Scheme (2) above is not that fast but actually works quite well. The program sets a series of parameter tweaks, perhaps changing only about half the parameters, randomly selected, and then auto-tests these. If results start to look bad it rejects them and tries a new set until it finds a set that stays ahead. This is run on say 16 processors, each looking for some new better set and from these one or more good sets are used as a base for further testing.

When learning, the program uses a 10-player game, where 5 of the players are recent "best" players, one is an aggressive version of the current base set and one a timid version of the base set. A further 3 players are randomised learning players, using one or two learning methods.

Conclusion

Although the description above portrays what appears to be a uniform successful progression, it actually required many inevitable re-starts. Each time some term was added, or a bug found, the learning more-or-less had to re-start as the dynamic had changed. This was sometimes pre-skewed so that the learning started with a diluted version of what it had already learnt, on the basis that the new maxima may not be that far off the old one. This required tweaking and tuning. It also involved periods where the engine seem to lose the capacity to learn at all and this needed the learning mechanism to be re-tweaked so that it could progress.

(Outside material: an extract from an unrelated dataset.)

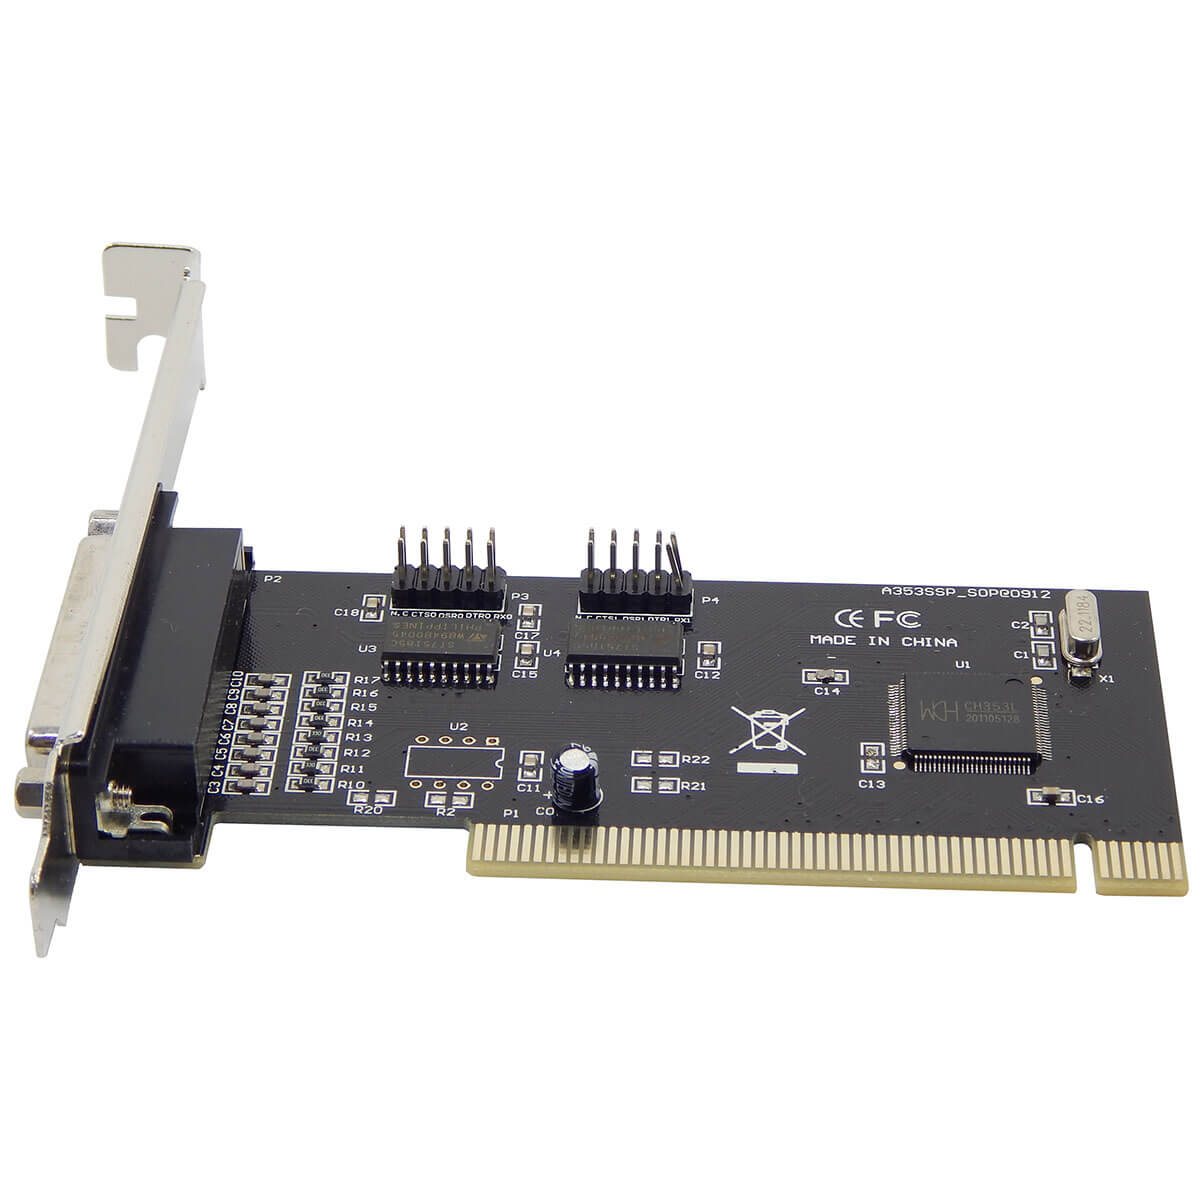 Placa Multi I/O com 2 Portas Paralelas e 1 Porta Controladora

Early versions, with important areas of knowledge missing, quickly learned to play very badly, if they could get away with it. The early Poker was unable to respond to strong bluffing so each learning player found that excessive bluffing was very successful, so bluffed pretty well all the time.

Note that this learning universe is for matches that cannot be observed, as they progress at very high speed. 20 hands will be played in under one second. Therefore the evolving players are not easily observed. It then required manual testing of the new learned player to see what they do. As was often the case they deviated from known best play, so this exposed some further weakness in evaluation.

The original 22 terms quickly became 45 terms as new knowledge was added. These include terms that control bluffing. This closed progression was also tested against the well known Poker Academy program, which provided useful insights into its play as the program's choice could be compared with the Poker Academy's recommendation. Initially the goal was to mirror Poker Academy's advice but increasingly our program deviated from this and usually scored higher than the Poker Academy Bots, mostly coming 1st or 2nd among 10 players.

The long-term conclusion of this is some time away as it is still a young program. However it currently seems stronger than the widely regarded Poker Academy, and can play very quickly, so is already on a good track. This engine is already being implemented in a commercial product.

Jeff Rollason and Daniel Orme - July 2009